Some kind of force, or something. In later years Lucas would point out that religious writers had been using the phrase “life force” for thousands of years. But he also acknowledged a debt to 21–87 and stated that the Force in Star Wars was an “echo” of Lipsett’s film. At film school, he would load 21–87 onto the projector more than twenty times.
4. HASKELL WEXLER
In 1963, while Lucas was still a student at Modesto Junior College, his parents bought him his first 8mm film camera, just like the one he played with back in the alleyway. He took it to speedways around the state, as he had with the Nikon they had given him in high school.

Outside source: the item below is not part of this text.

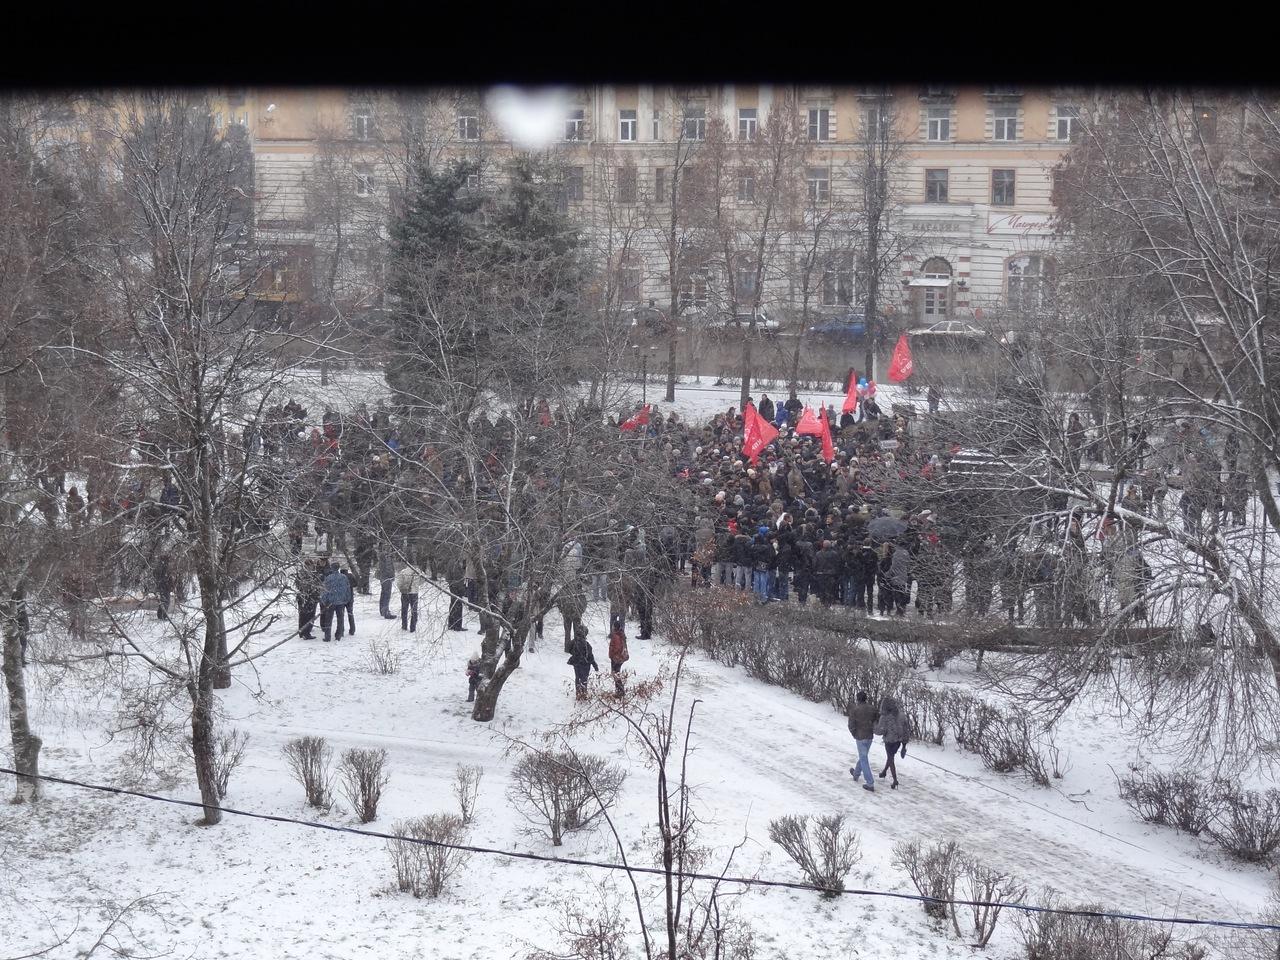 В декабре - выборы депутатов в Гос Думу. - Страница 7 Z_3efc639b

While filming at these racetracks, Lucas worked as a mechanic in the pit with a racing group known as the AWOL Sports Car Competition Club.* If he wasn’t meant to race cars, he could at least tinker with them. That was how, one weekend afternoon at Laguna Seca, Lucas got chatting with a customer who noticed his camera: Haskell Wexler, famed cinematographer. Immediately Wexler could tell the kid had a certain eye, a certain hunger for the visual.
Lucas’s friendship with Wexler would pull his life powerfully in a new direction. Wexler showed the student around his commercial film house; it was the first time Lucas saw the movie industry in the wild and became aware that movie careers existed. Wexler said he would have gotten Lucas a production assistant job—possibly on a documentary Wexler was working on, The Bus—but that it was nixed by film unions. Lucas said that was the point he “turned his back on Hollywood.” In fact, Wexler would keep trying to get Lucas a job within the Hollywood system for the rest of the youngster’s time in school, with little success.
Around the time he met Wexler, Lucas was figuring out his next move beyond junior college. The first to accept him was San Francisco State, where he would have pursued a degree in anthropology. He also applied to do illustration and photography at the Art Center College of Design in Pasadena; his father torpedoed that dream by telling his son he’d have to pay for it himself. Lucas says he was too lazy to even consider that. Meanwhile John Plummer was thoroughly enjoying his time at USC and thought Lucas might get a kick out of the film school’s photography program. “It’s supposed to be easier than P.E.,” Plummer told Lucas. That was all the kid needed to hear. Wexler called up a USC instructor called Mel Sloan; legend has it his words were “For God’s sake, watch this kid.” This may have tipped the scales, or Lucas’s newfound aptitude may have shone through on the test. It mattered not. USC accepted Lucas, and the young man continued to be pulled inexorably toward film.
His father came up with a generous solution: he would pay George Jr.’s way through school as an employee of his company. Lucas would get $200 a month. Lucas Sr. may have reasoned that film school would confer a valuable lesson. After all, nobody graduated from film school and immediately found work at a studio. They were first taken on as apprentices. If you made it to the dizzying heights of assistant editor after four years of apprenticeship, you would have to wait another four years until you could edit film.
Hollywood was a closed fortress of nepotism, yet there was always a place where nepotism would work in Lucas’s favor: Modesto. “You’ll be back in a few years,” George Sr. told his son.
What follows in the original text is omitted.